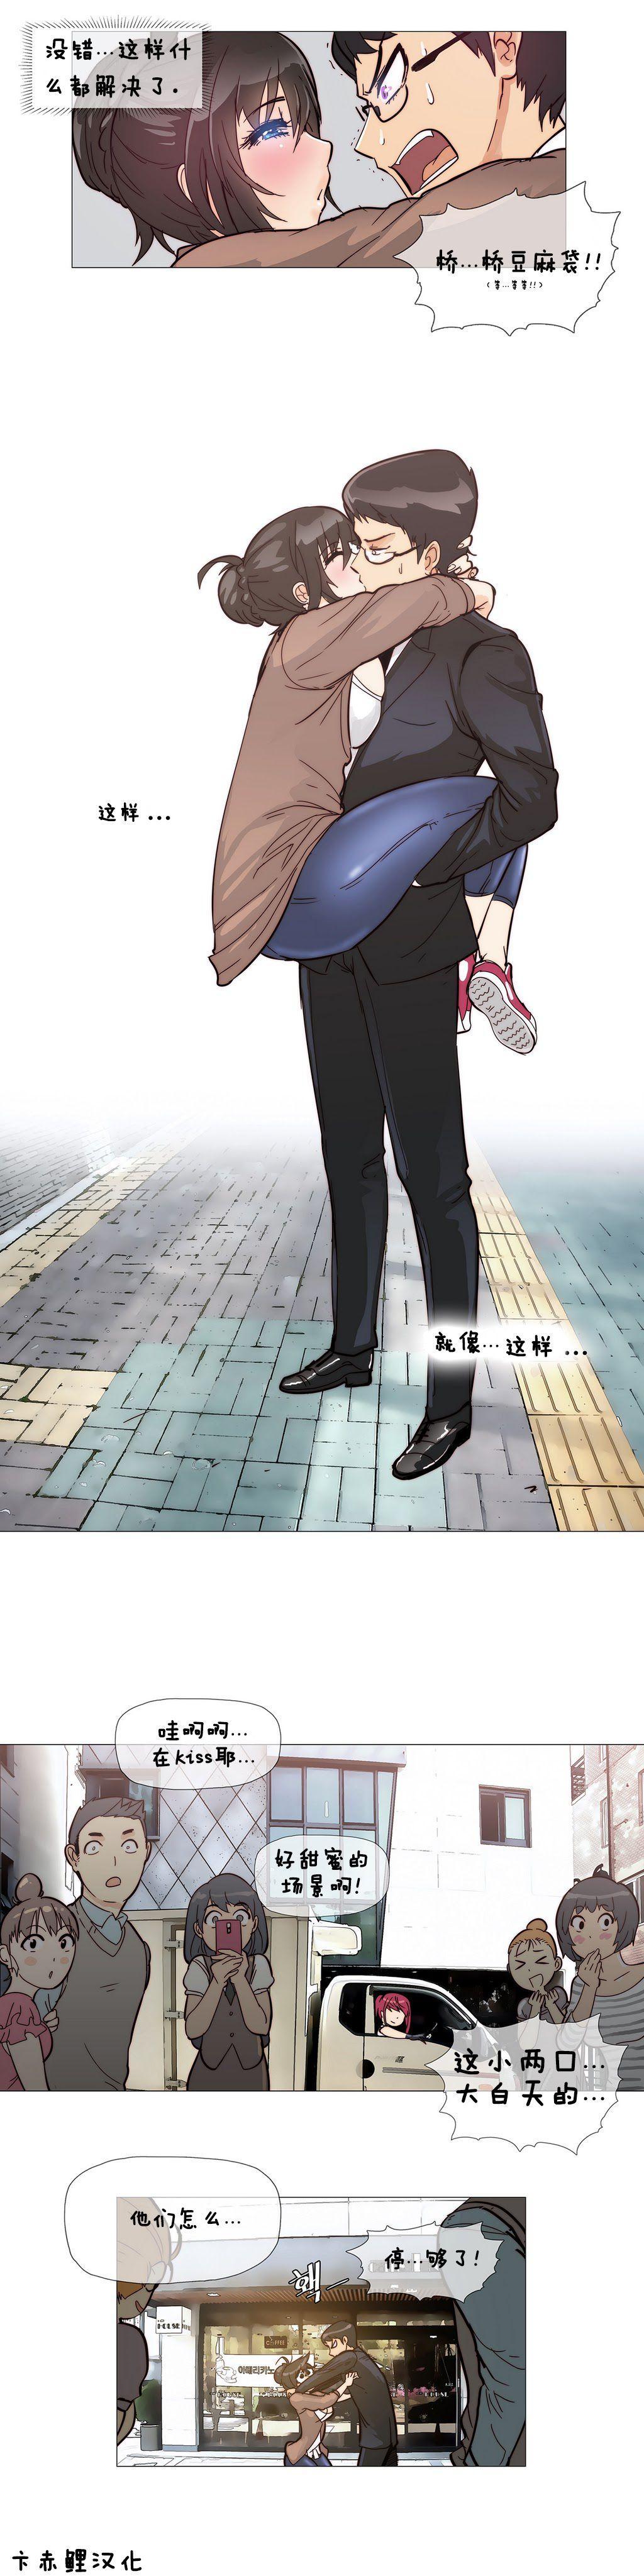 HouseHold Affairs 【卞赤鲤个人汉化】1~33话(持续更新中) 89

---

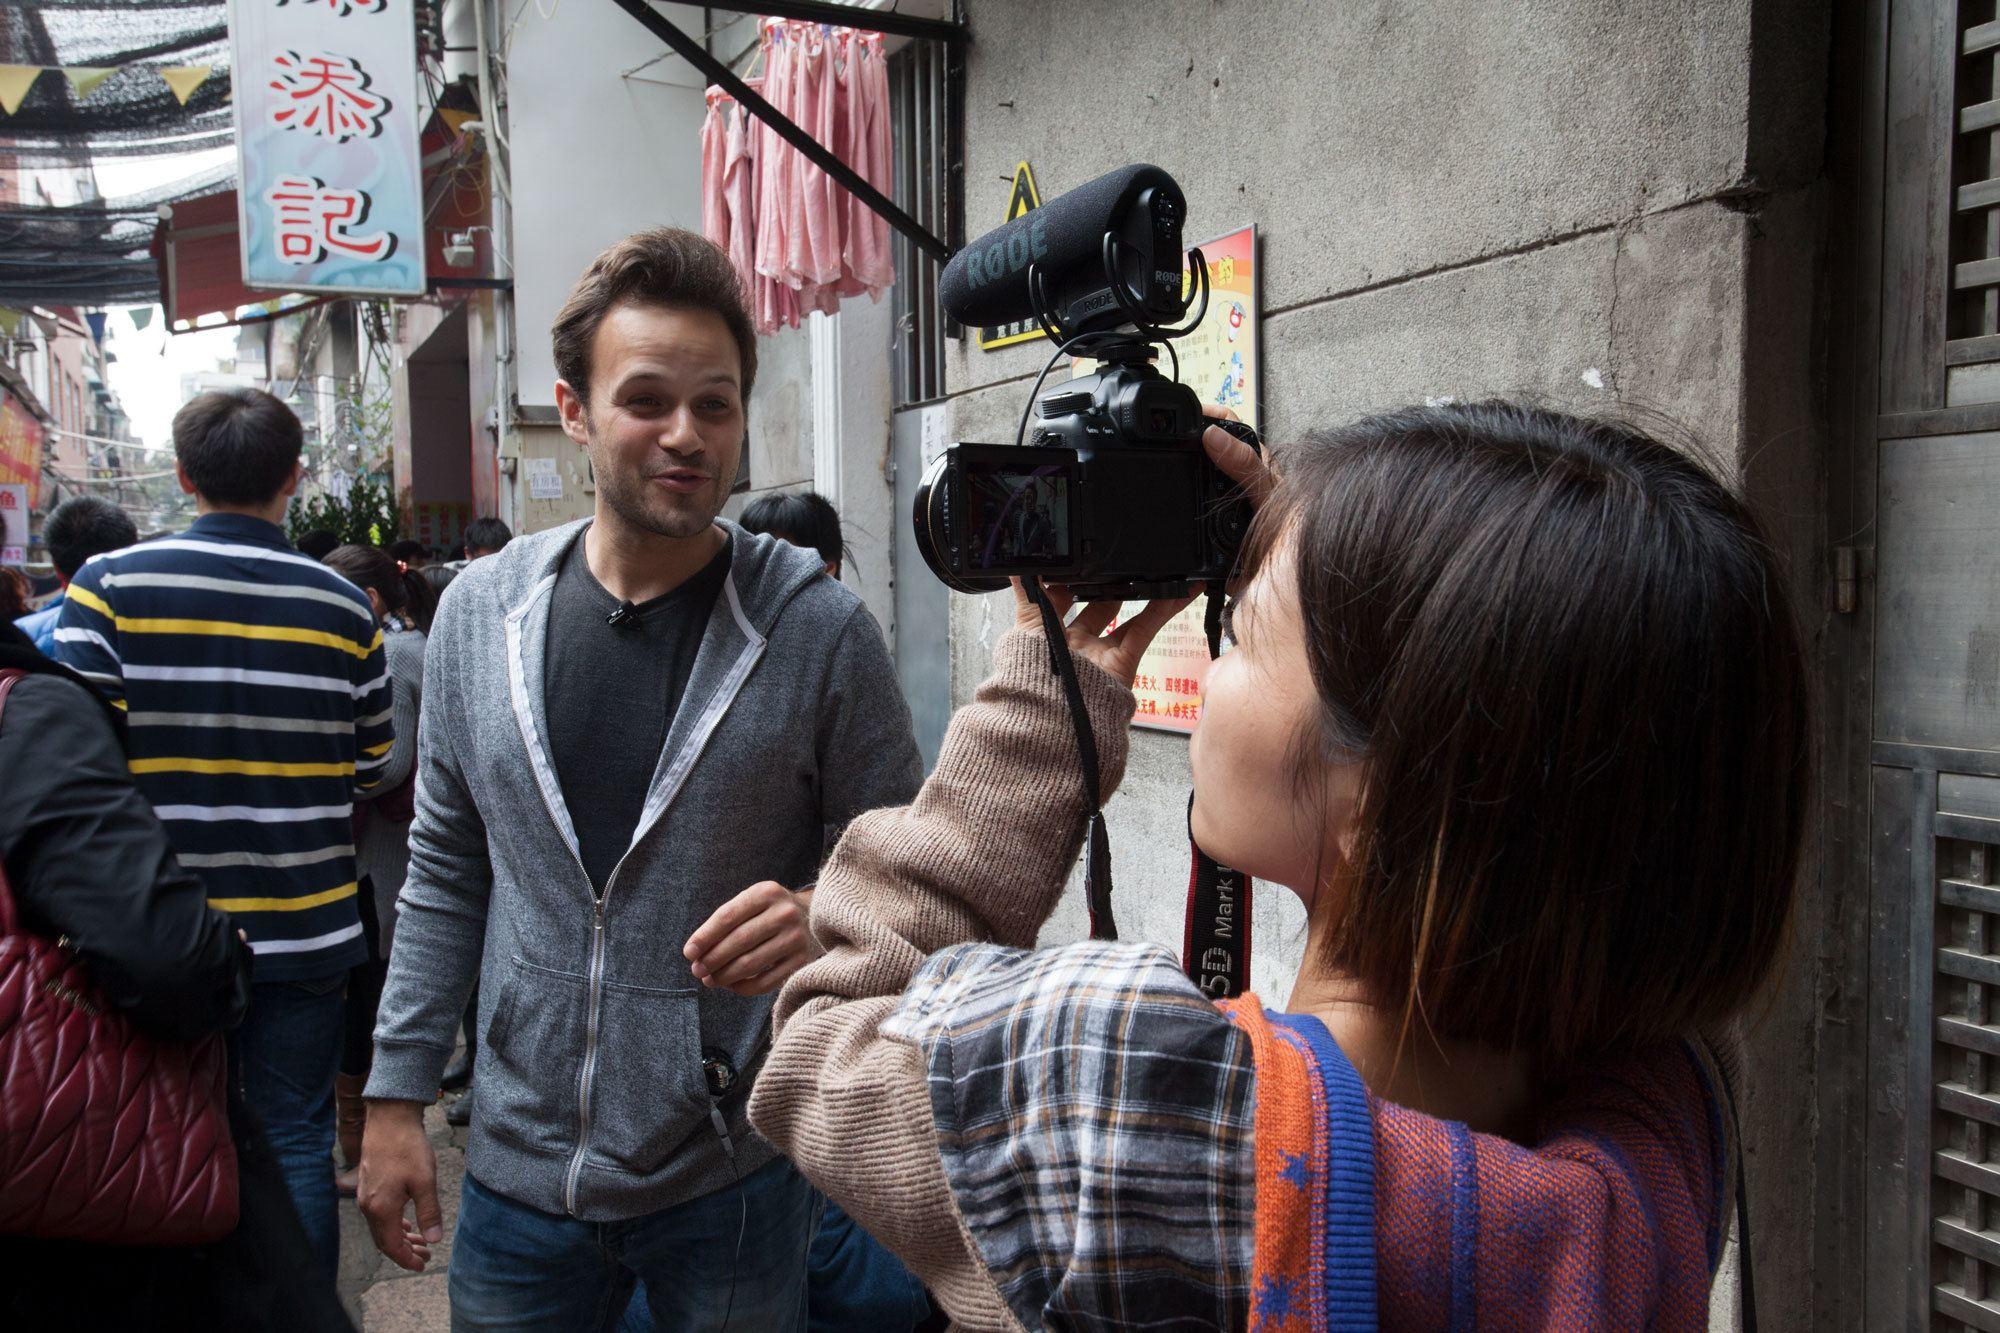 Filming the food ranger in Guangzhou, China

==

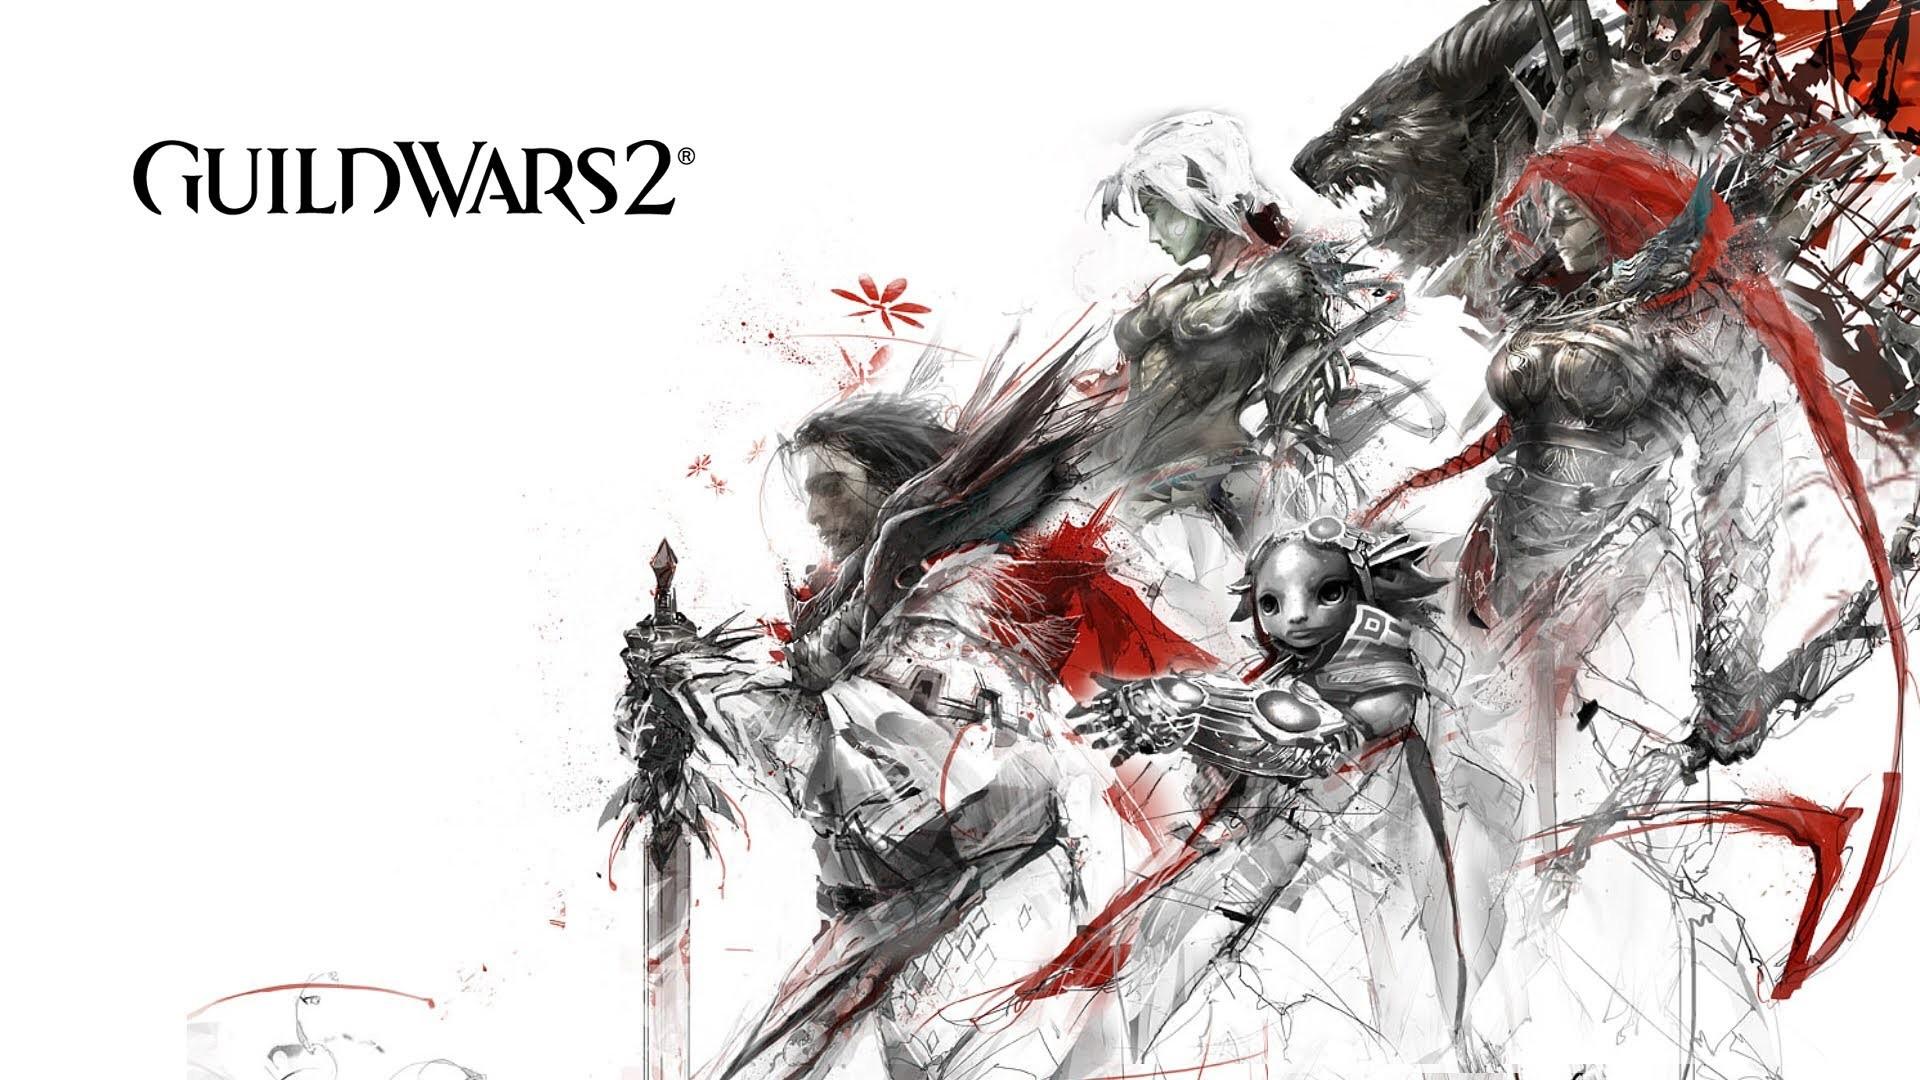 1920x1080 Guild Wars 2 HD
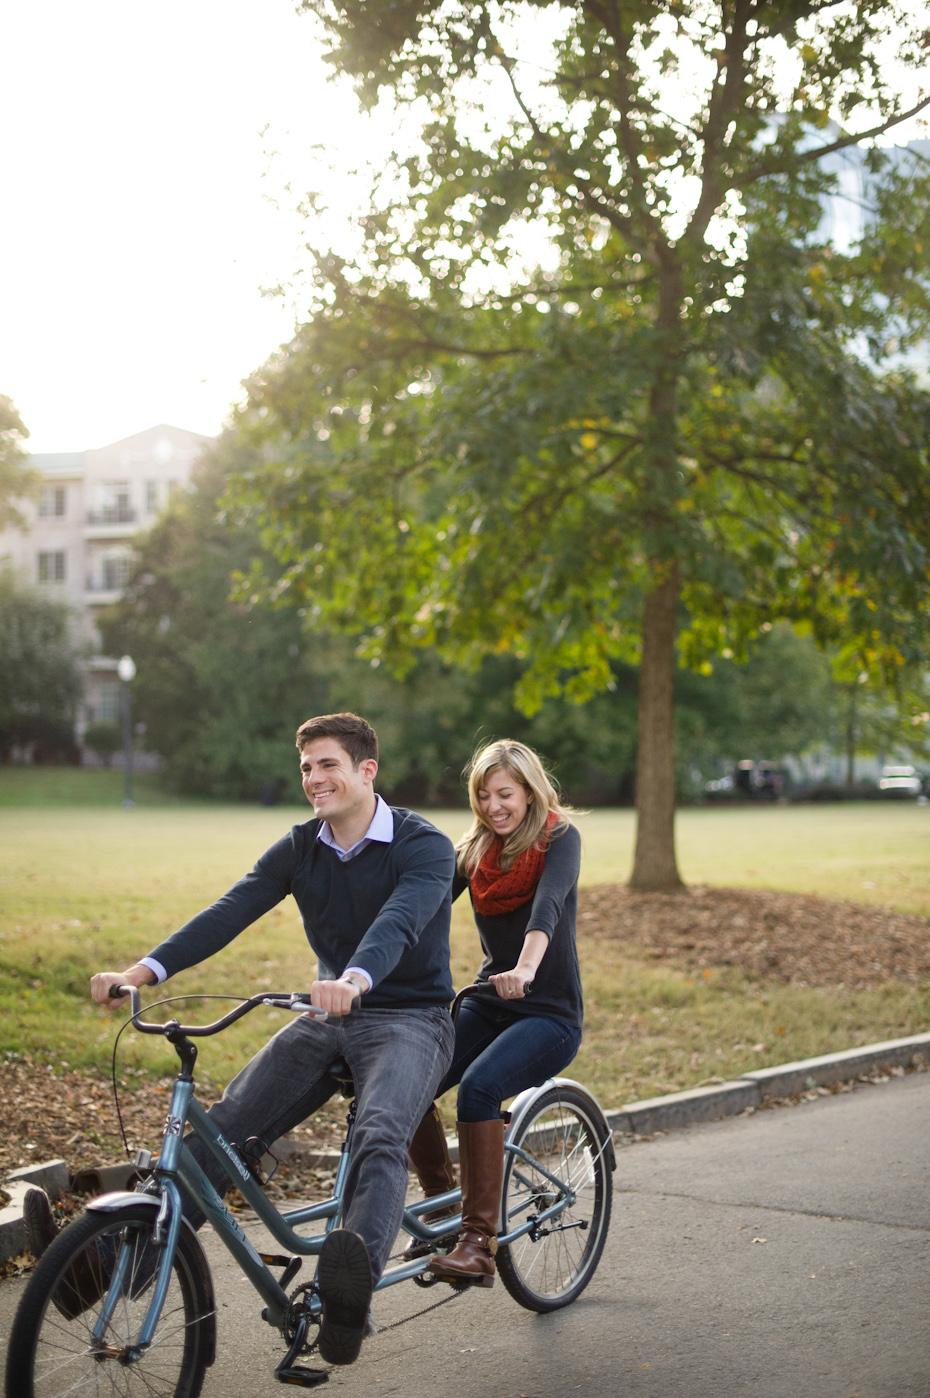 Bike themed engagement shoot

_Exercise_. Give back exactly, and solely, the section of the data above bounded by the line containing "1920x1080 Guild Wars 2 HD" and the line containing "Bike themed engagement shoot", both bounding lines included and pictures omitted.

_Solution for this exercise_.
 1920x1080 Guild Wars 2 HD
 Bike themed engagement shoot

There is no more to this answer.